Negli ultimi giorni è diventato virale un testo attribuito a Clint Eastwood. Probabilmente non è mai stato pronunciato. Eppure milioni di persone hanno scelto di credergli; forse perché nessun altro incarna, nel nostro immaginario, la forza, l’indipendenza e la capacità di attraversare la vita come Clint Eastwood. Vederlo oggi novantaseienne ci costringe a confrontarci con una verità che preferiamo tenere ai margini: anche gli invincibili invecchiano.
Viviamo in una società che celebra la longevità, ma fatica profondamente a guardare la vecchiaia.
Ci congratuliamo con chi raggiunge novant’anni o addirittura il secolo di vita, come se il semplice trascorrere del tempo fosse di per sé una vittoria. Molto più raramente, però, ci fermiamo a domandarci che cosa significhi davvero abitare un corpo così vecchio.

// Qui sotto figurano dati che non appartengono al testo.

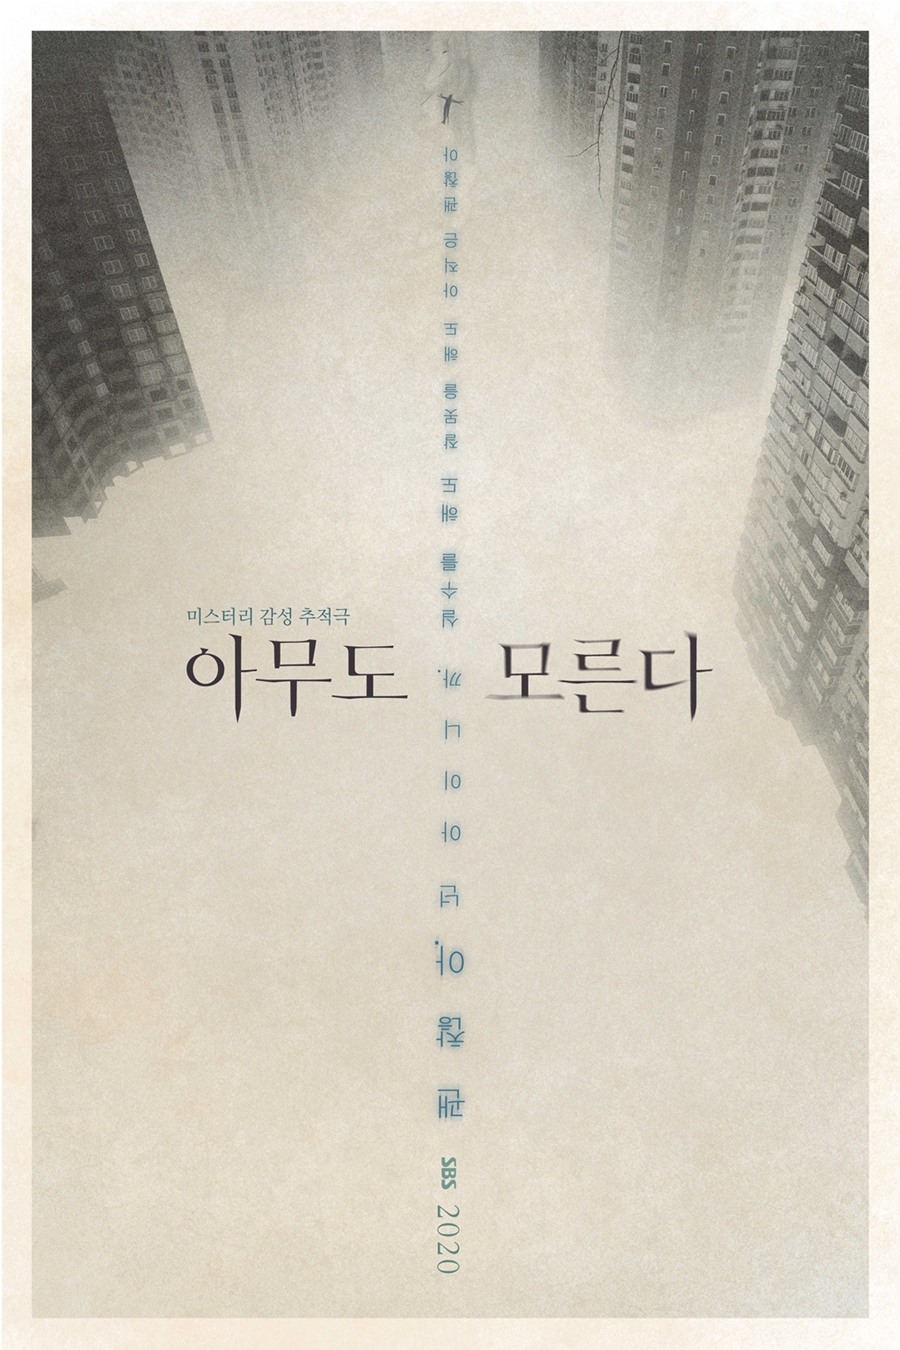 '아무도 모른다' 티저 포스터 공개 / 사진: SBS 제공

La vecchiaia estrema non è soltanto un elenco di acciacchi, ma un cambiamento radicale del modo di stare nel mondo. Il corpo rallenta, i movimenti diventano più prudenti, le energie diminuiscono. Anche ciò che per anni è stato automatico può richiedere uno sforzo inatteso. Ma il peso più grande, spesso, non è quello fisico, bensì la progressiva riduzione del proprio mondo. Gli amici muoiono. Muoiono anche le sorelle e i fratelli. Le persone che conoscevano la nostra storia diminuiscono, il telefono squilla meno e le occasioni di sentirsi necessari diventano sempre più rare.